CLACKAMAS COUNTY, Ore. (KOIN) — A group of neighbors trying to keep a hemp and marijuana operation out of Yamhill County were dealt another blow by LUBA, Oregon’s Land Use Board of Appeals.

A large and vocal coalition of residents has been opposing the planned operations on a 22.7 acre property located on Jaquith Road, a few miles north of Newberg, for about a year now. In a site design review approved by the county, the owners outlined their plan to grow 5-10 acres of hemp on the property, grow up to 10,000 square feet of marijuana indoors, and process both in separate buildings.

Concerns about livability, odors, traffic, proximity to homes, possible chemical usage, a potential increase in crime, the continued federal illegality of marijuana and more have all been entered into the record and voiced publicly at hearings. Laura Cochran, the property’s nearest neighbor, spearheaded early efforts against the facility, claiming that allowing it to proceed would irreparably harm her disabled adult son, who she said will not be able to “tolerate the marijuana stench or hemp dust.”

In January, the Yamhill County Board of Commissioners expressed sympathy for the neighbors’ concerns, but unanimously upheld the planning commission’s earlier approval of the site design review, saying the facility is allowed under exclusive farm use zoning.

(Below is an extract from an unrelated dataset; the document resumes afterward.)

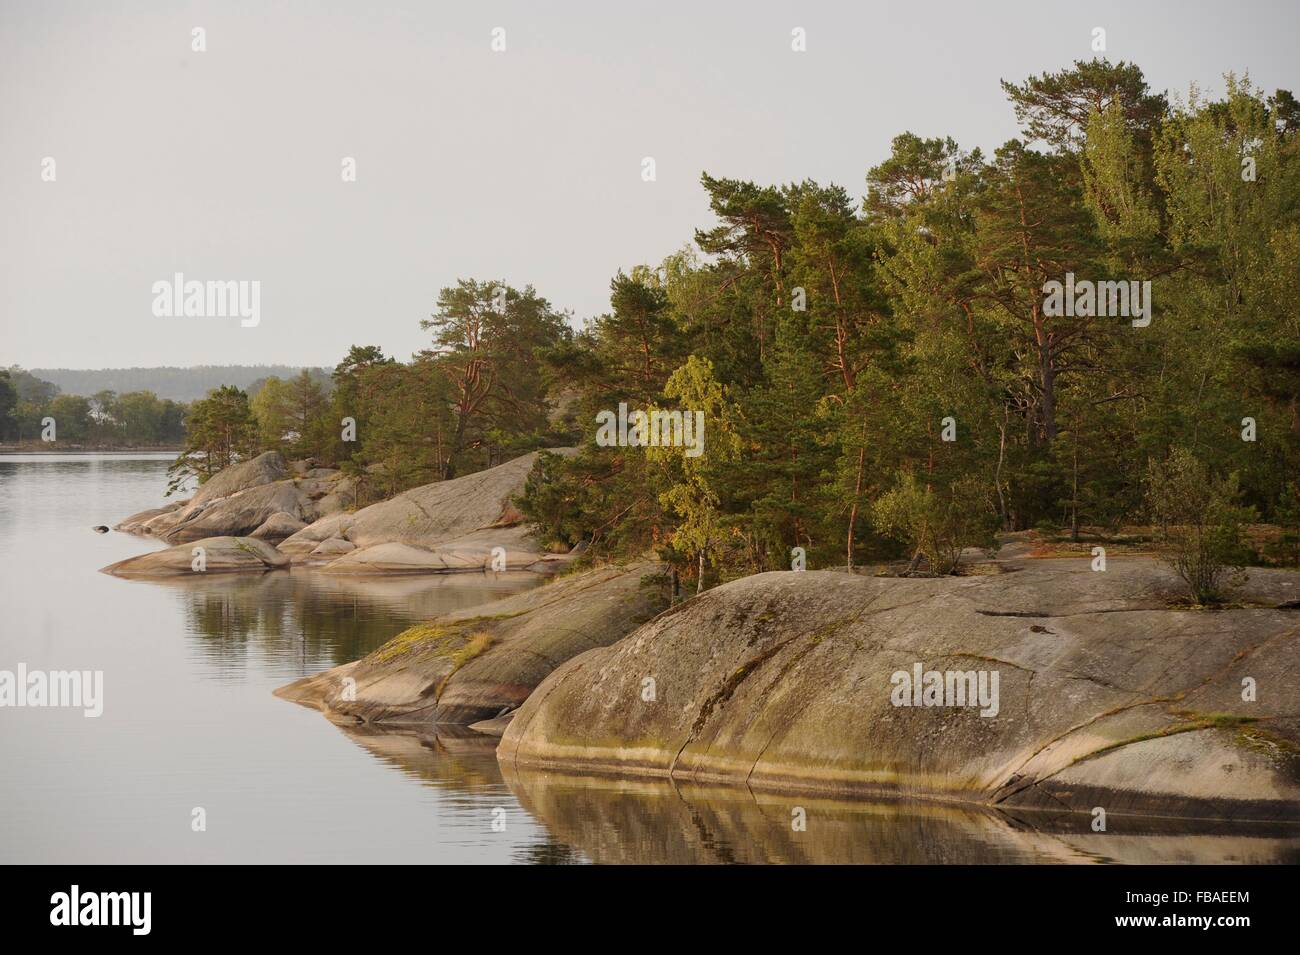 coast of the Stockholm Archipelago, Sweden - Stock Image
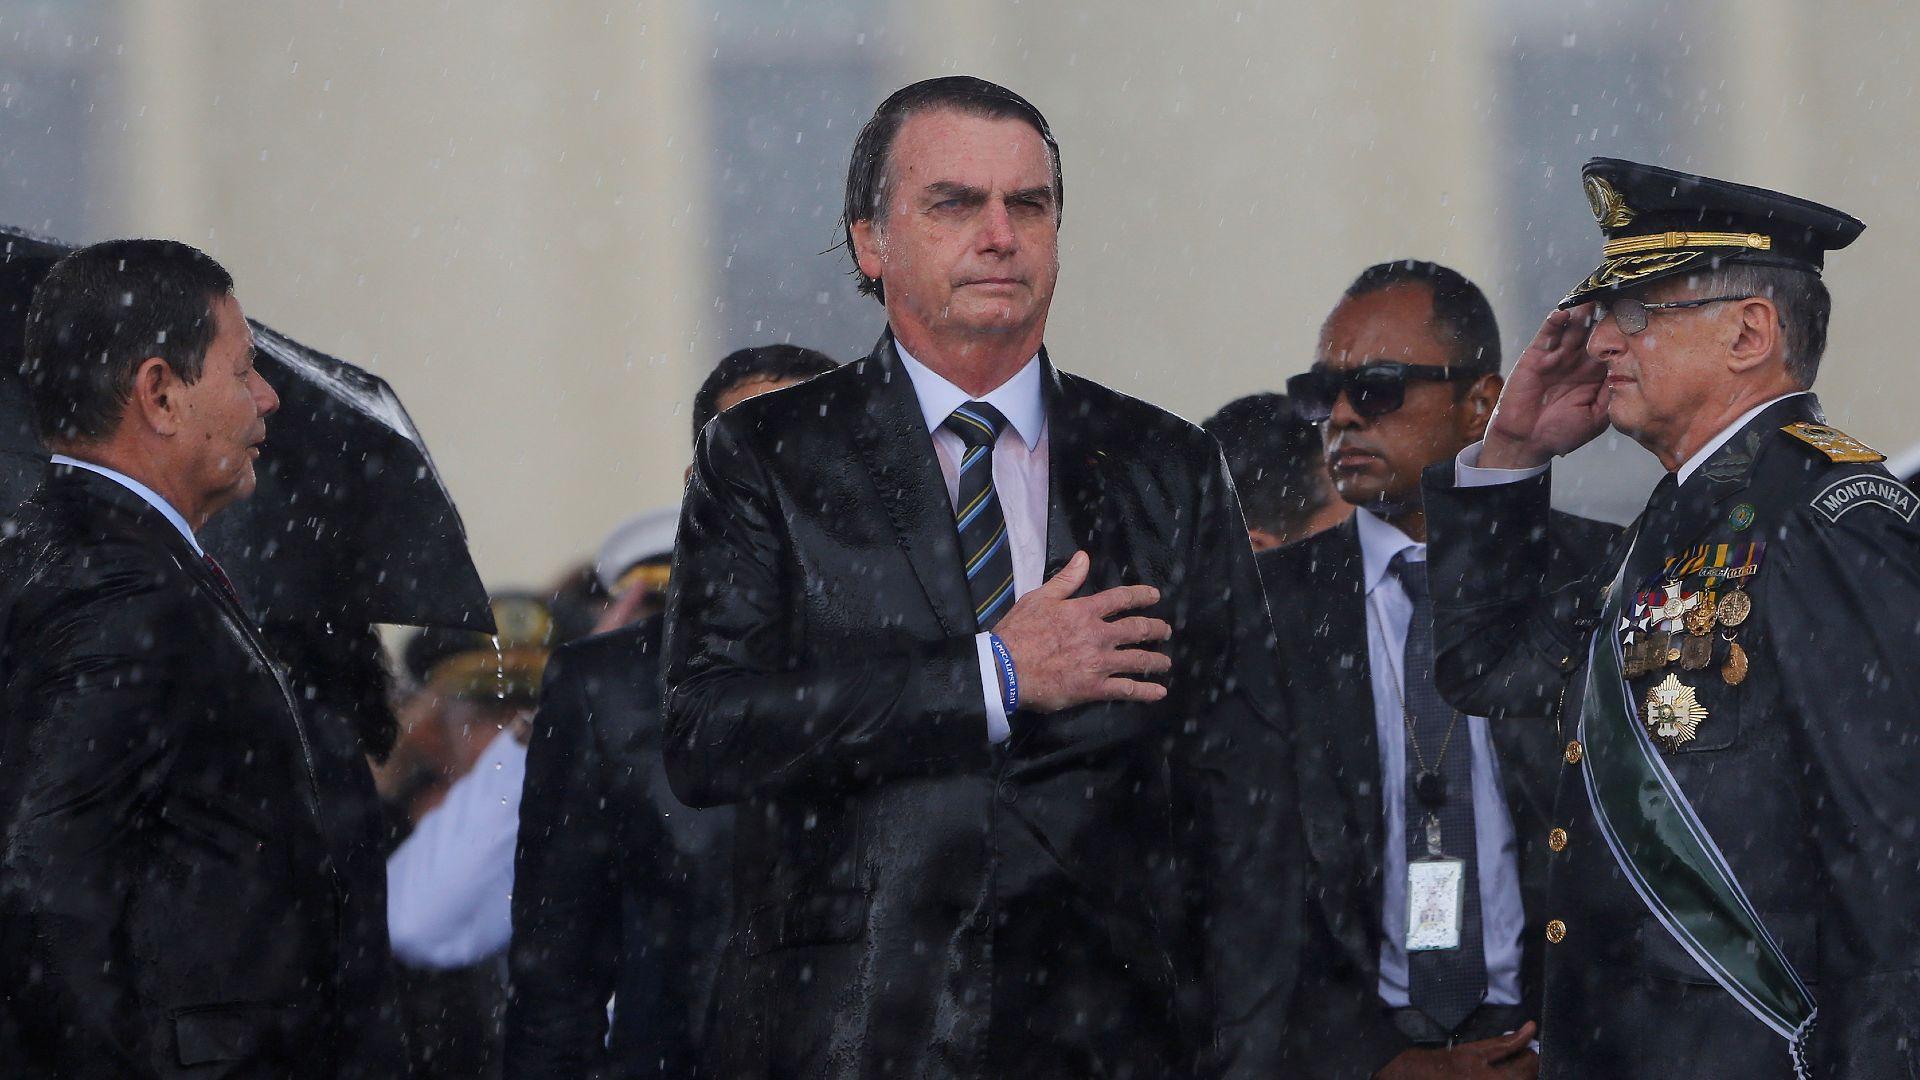 https://img2.rtve.es/imagenes/dimite-bloque-cupula-militar-brasil/1617203300092.jpg

On August 19, LUBA affirmed the county’s decision.

“Unfortunately, we were not surprised by the decision,” petitioner Jill Anderson told KOIN 6 News in an email, adding that her attorney warned her early on that the case would likely have to go to the Court of Appeals. Opponents of the facility have until September 9 to file an appeal.

Land in Yamhill County where a hemp and marijuana processing facility is set to be built, Dec. 2, 2019. (Hannah Ray Lambert)

Yamhill County wasn’t surprised by the decision either. County counsel Todd Sadlo said processing of crops is allowed on a farm parcel and that marijuana is a crop.

WAG Holdings, LLC, which owns the property, did not immediately respond to KOIN 6 News’ request for comment.

Opponents are also trying to convince the Oregon Water Resources Department to deny the company’s application for water rights. More than 40 comments have been submitted so far, many centering on the concern that adding irrigation will further deplete an “already stressed aquifer.” Public comment ends Thursday, August 27.